Saturday, January 19, 2013


January 18, 2013

It was a frosty morning with temperatures dropping to the just 5 degree Fahrenheit when I walked across the street to meet with Laira for breakfast at the Vanilla Sky café. The place is adding an all-glass enclosure to allow customers to sit outdoors even in the dead of winter and workers were busily scurrying around to get it done as soon as possible.

The non-smoking section was completely empty at 9:00 am and I asked the server if they had just opened, but he replied they opened an hour earlier. Despite Rebecca’s assertion that the café had a fantastic breakfast menu, I found no evidence of it as there were no eggs, pancakes, crepes, omelets or anything I could recognize as a breakfast offering. The server brought me another menu in English, but that didn’t help any.

When Laira arrived, she brought me the pair of trackers she had purchased in Switzerland for me so I can attach them to the soles of my boots and keep from skidding on the ice and breaking my neck. They were quite different from the flimsy ones Peace Corps volunteers wear, but then again these were Swiss. I paid Laira the $40.00 I owed her and we proceeded to order something that looked like a cross between a wrap and a crepe.

I asked for American coffee and hot milk on the side, but the server brought me a large glass of hot milk instead. It doesn’t to amaze me that these places, catering to the expat community for the most part, fail to hire personnel with a certain degree of fluency in English.

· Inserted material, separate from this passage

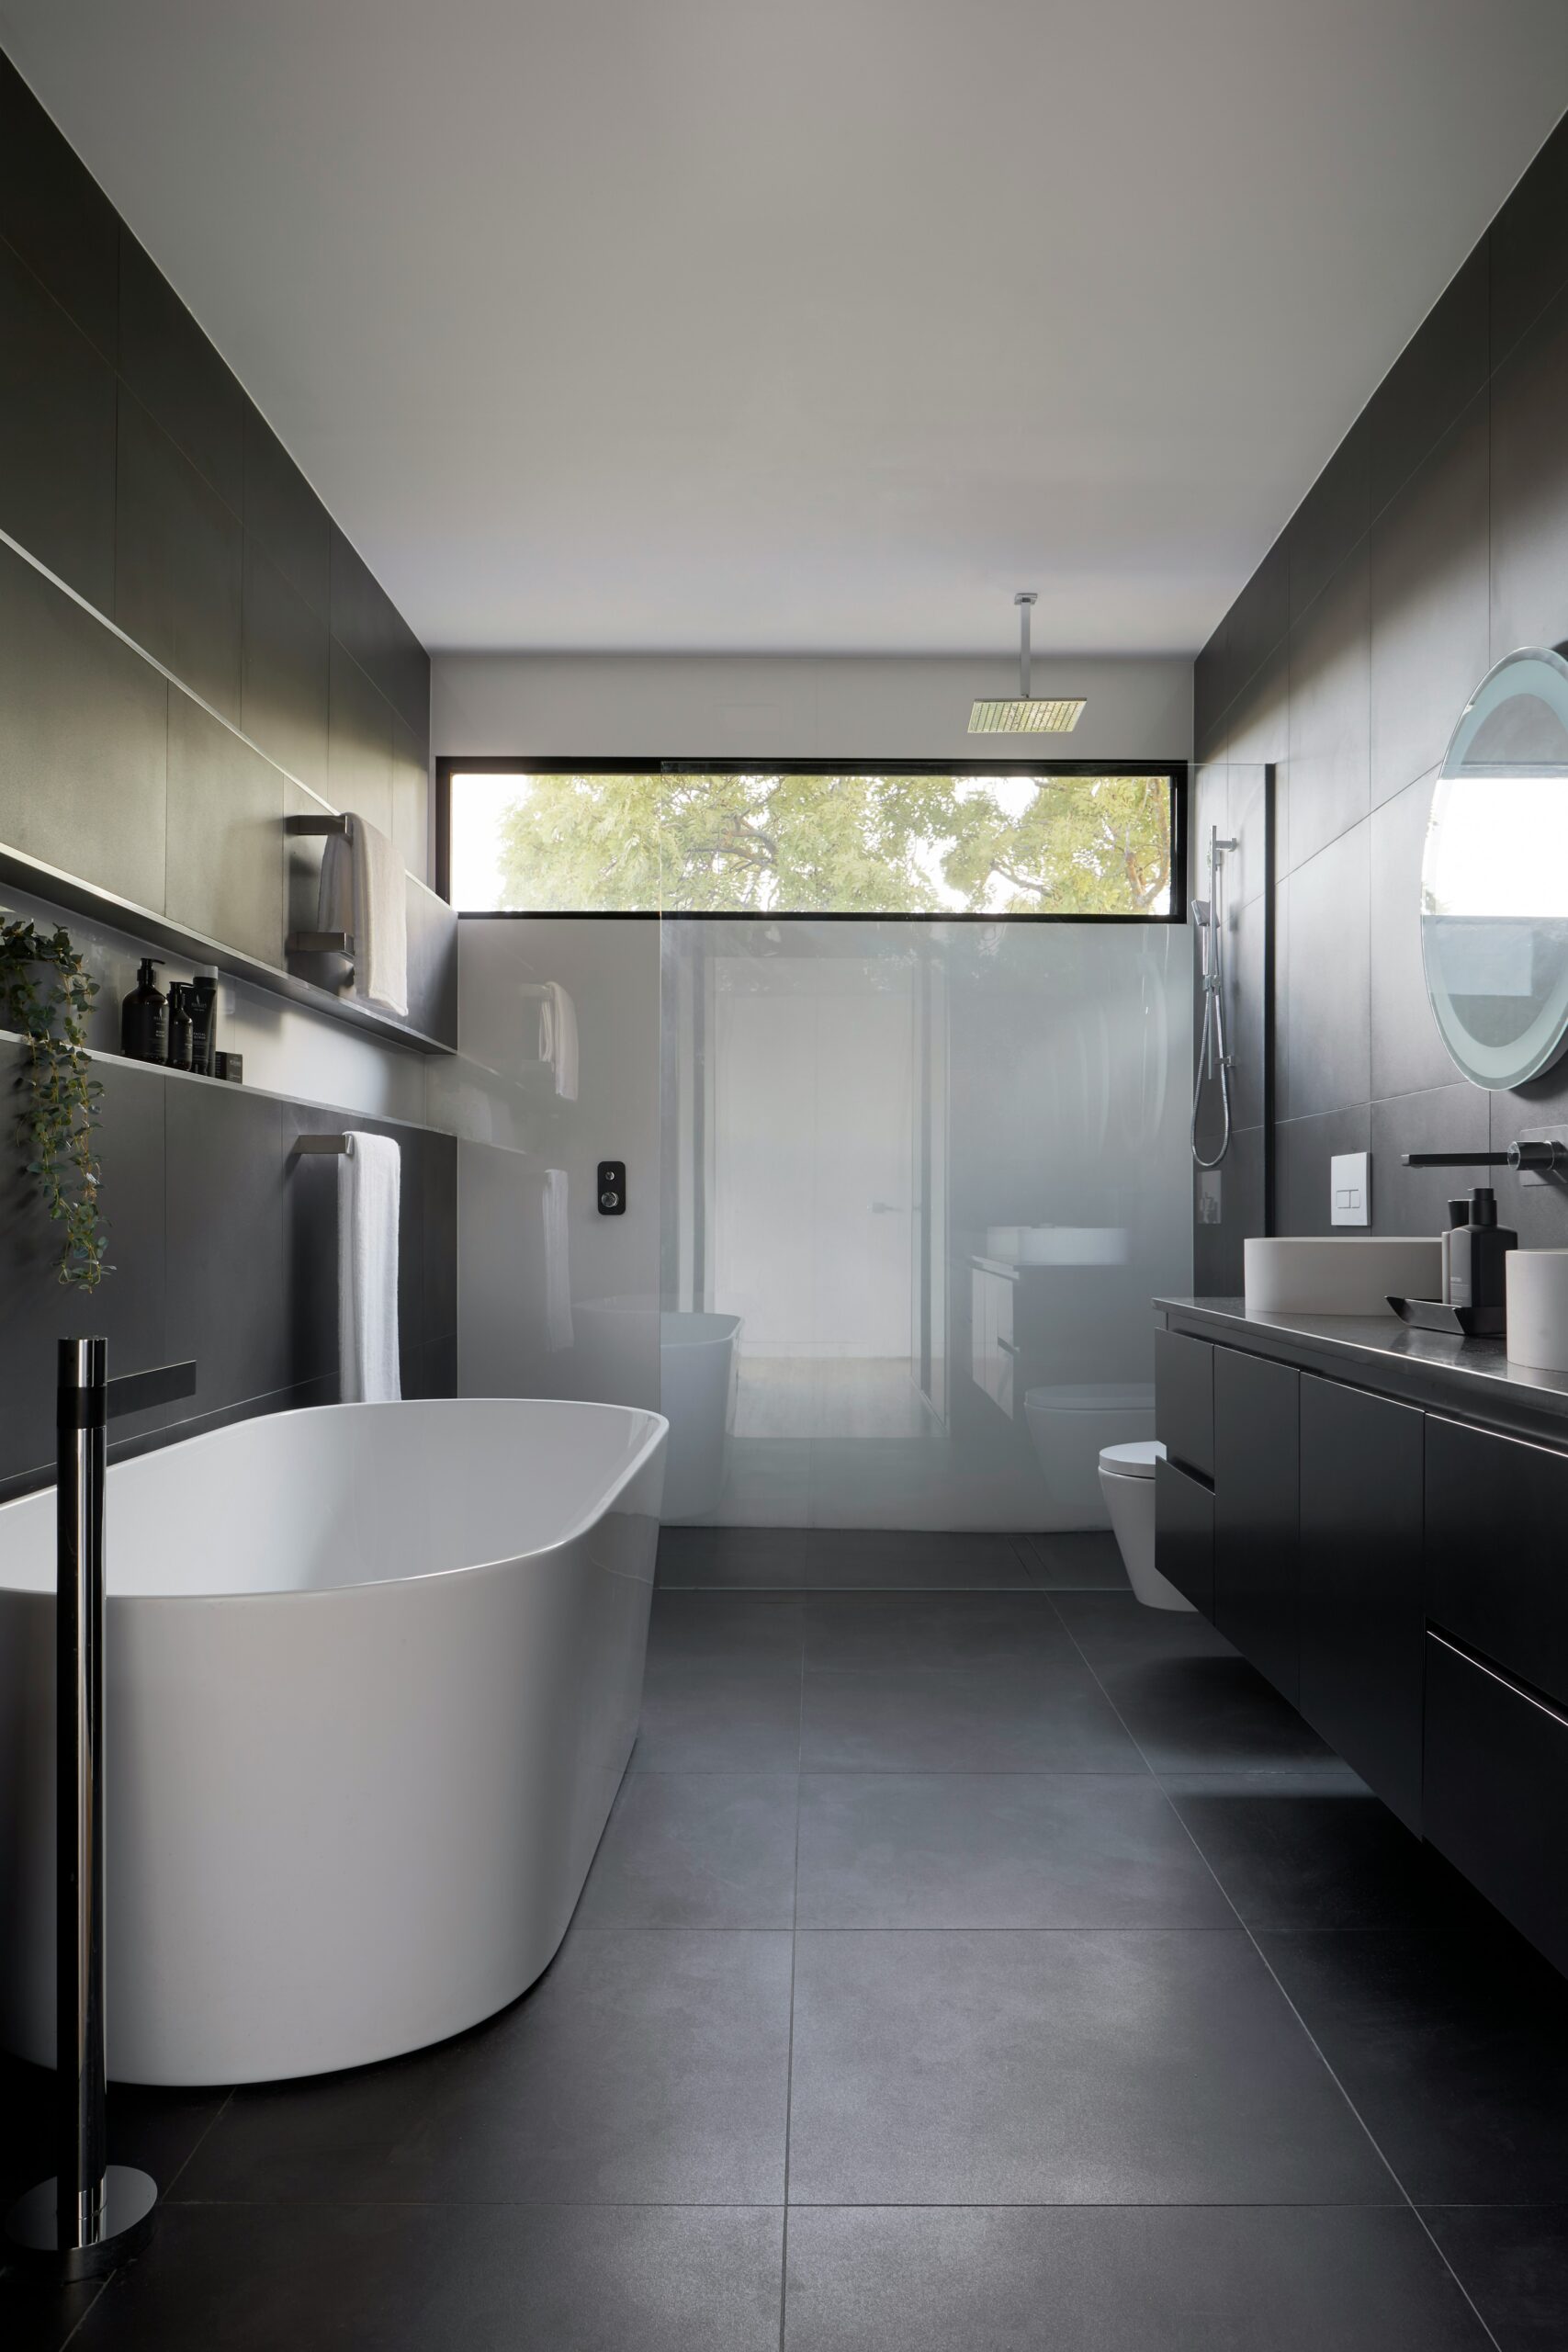 Top Five Bathroom Tiles Ideas for 2021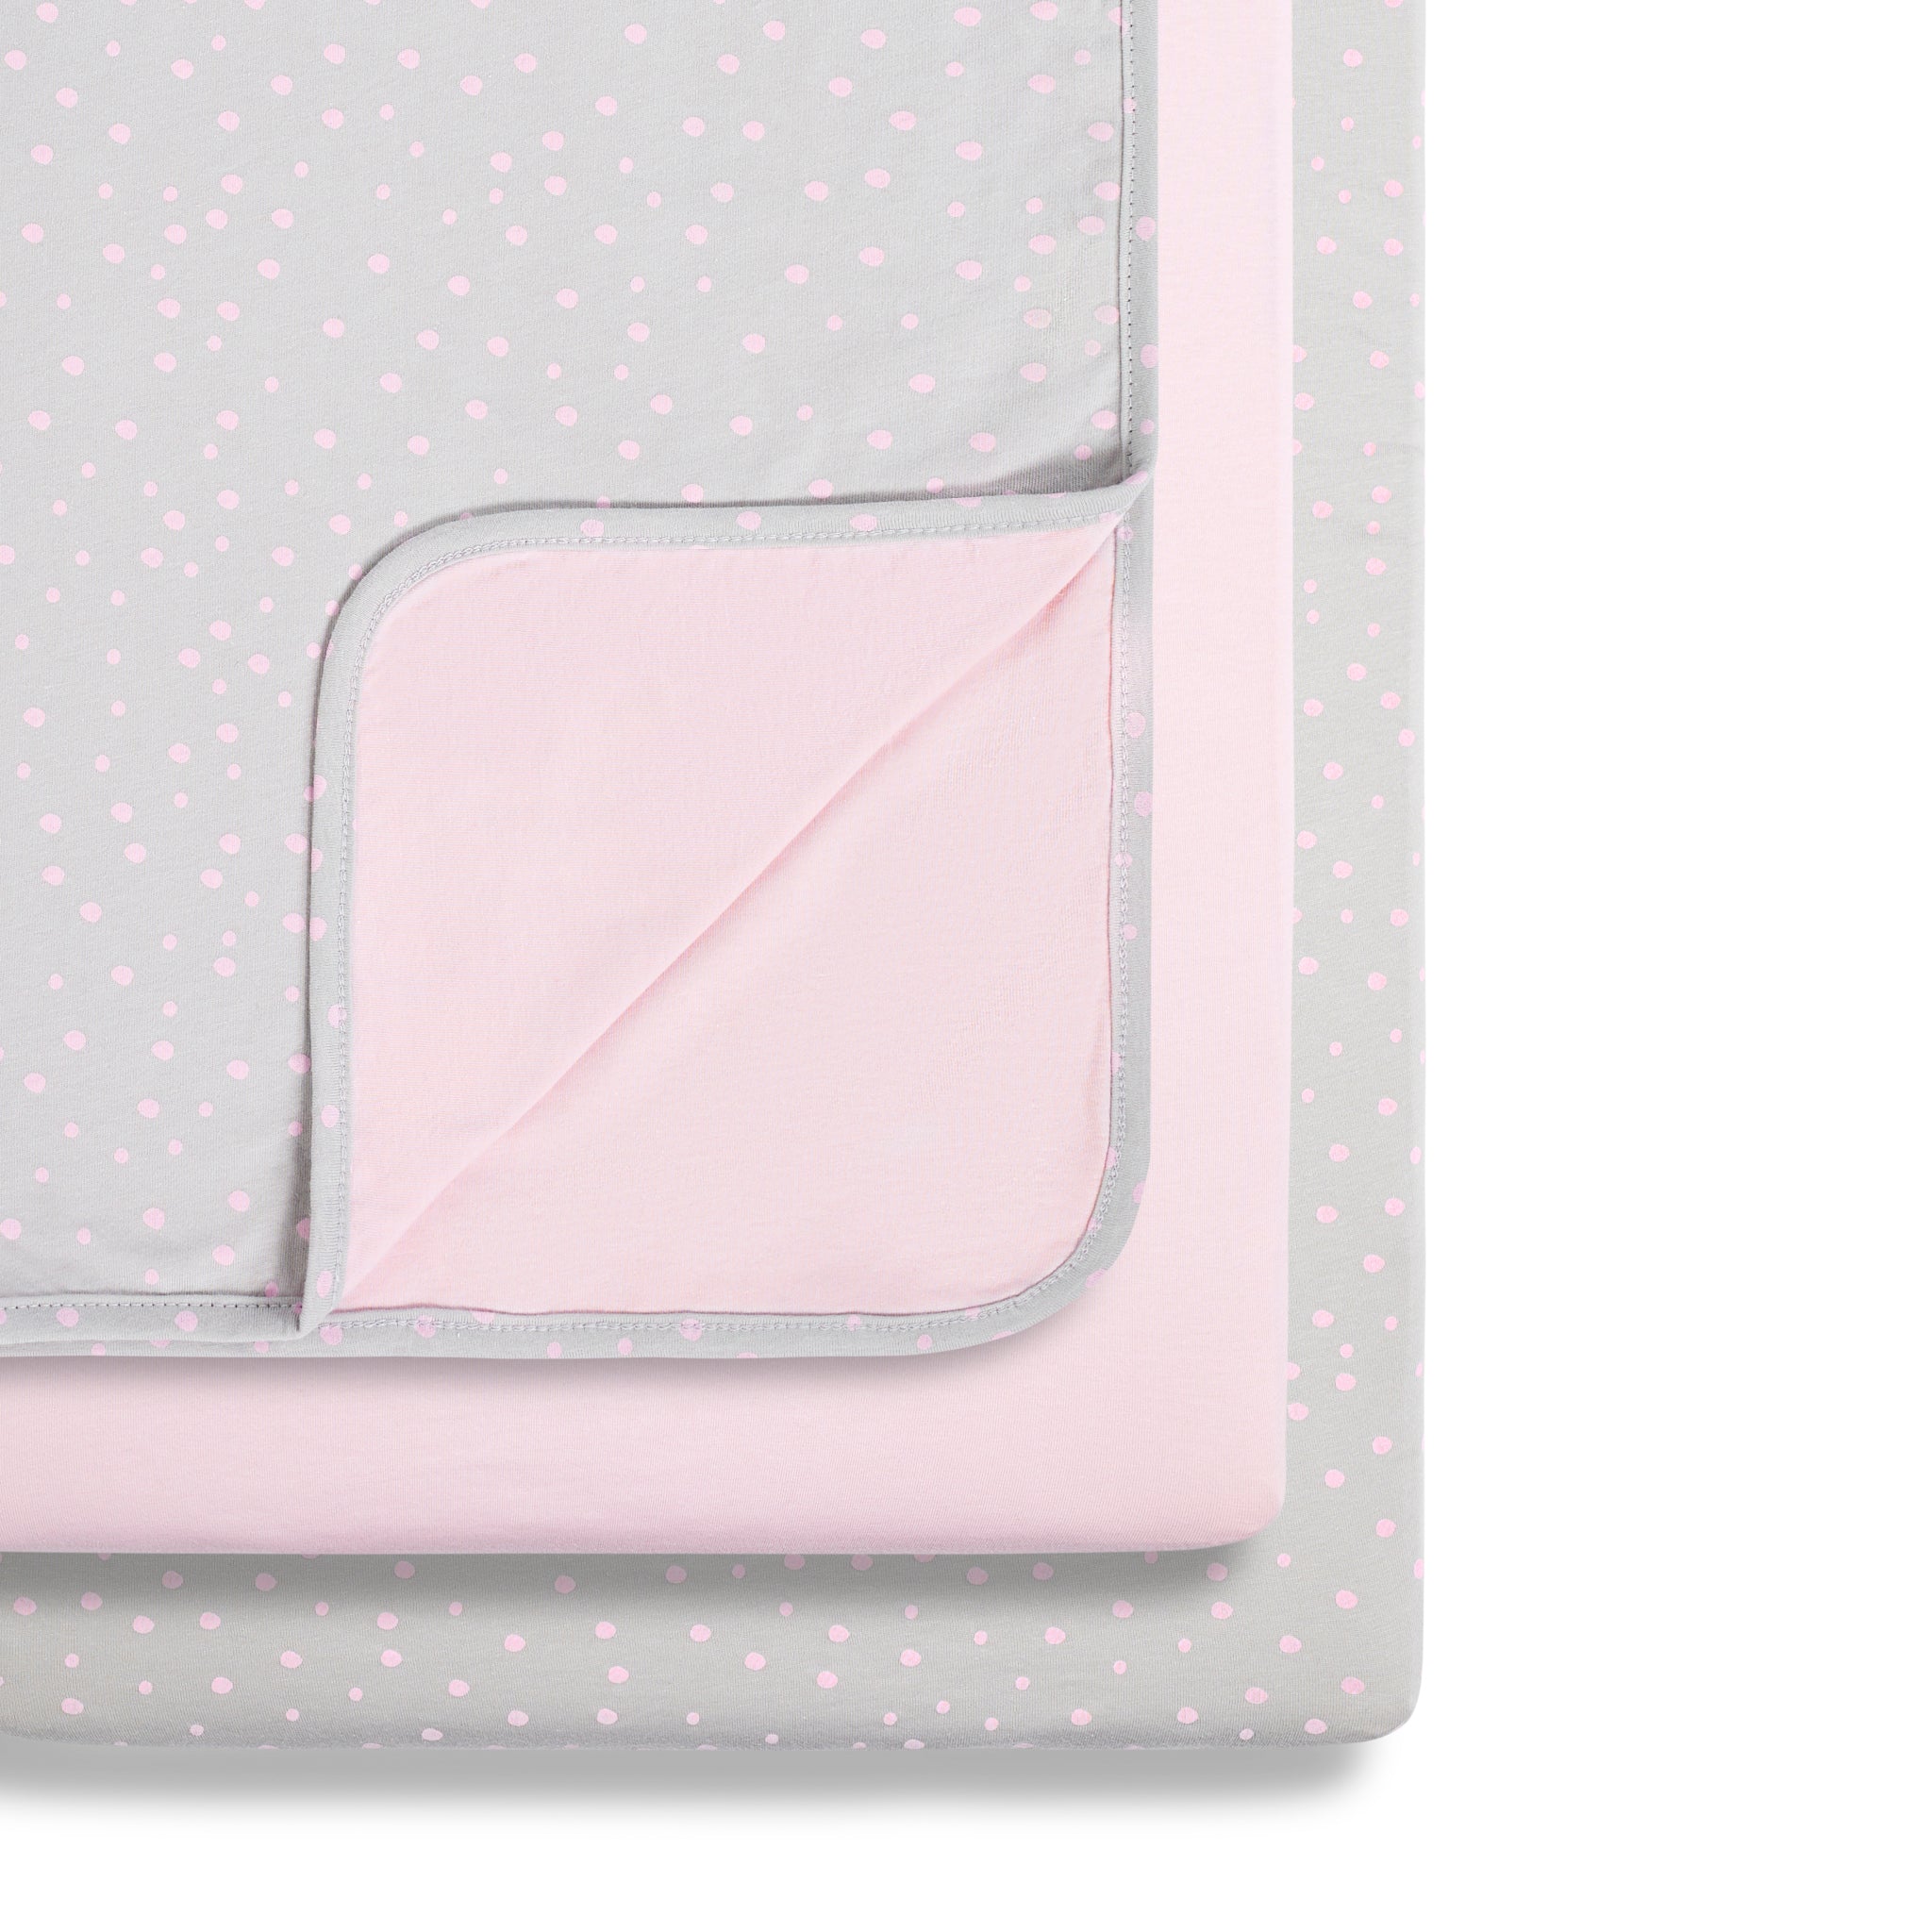 SnuzPod 3 Piece Crib Bedding Set x2 Sheets & x1 Blanket - Pink Spot

Laira commented that the NGO her husband works for, Helvetica, does provide training in the tourist area of Issyk-Kul as that region attracts more tourists than Bishkek does.

The meal was just all right and hardly worth the almost $10.00 I had to pay for it. I told Laira that next time we met; I’d cook Dominican-style scrambled eggs, toast and coffee at my place.  We went up to my place so she could see the apartment and agreed to meet on Monday for the Zumba class she told me was hosted just across the street and next to Vanilla Sky.

Willoughby called in the afternoon to ask if I wanted to accompany her to see the opera “La Traviata” which is being offered at the Philharmonic Hall on Sunday evening. Although I’m not really a fan of opera, I agreed to go with her and even pick up the tickets tomorrow afternoon after the conversation club at Lingua. I thought it’d do me good to get out of the house for a bit and haven’t seen this one anyway. Willoughby plays the piano and is thus quite knowledgeable about music.

In the evening, I got to watch yet another movie, “A Serious Man”, a film I knew nothing about but just knowing it was written, directed and produced by the Coen brothers was enough to get me interested. It’s a bleak film on the surface and merits a second watch before I form a definite opinion on it.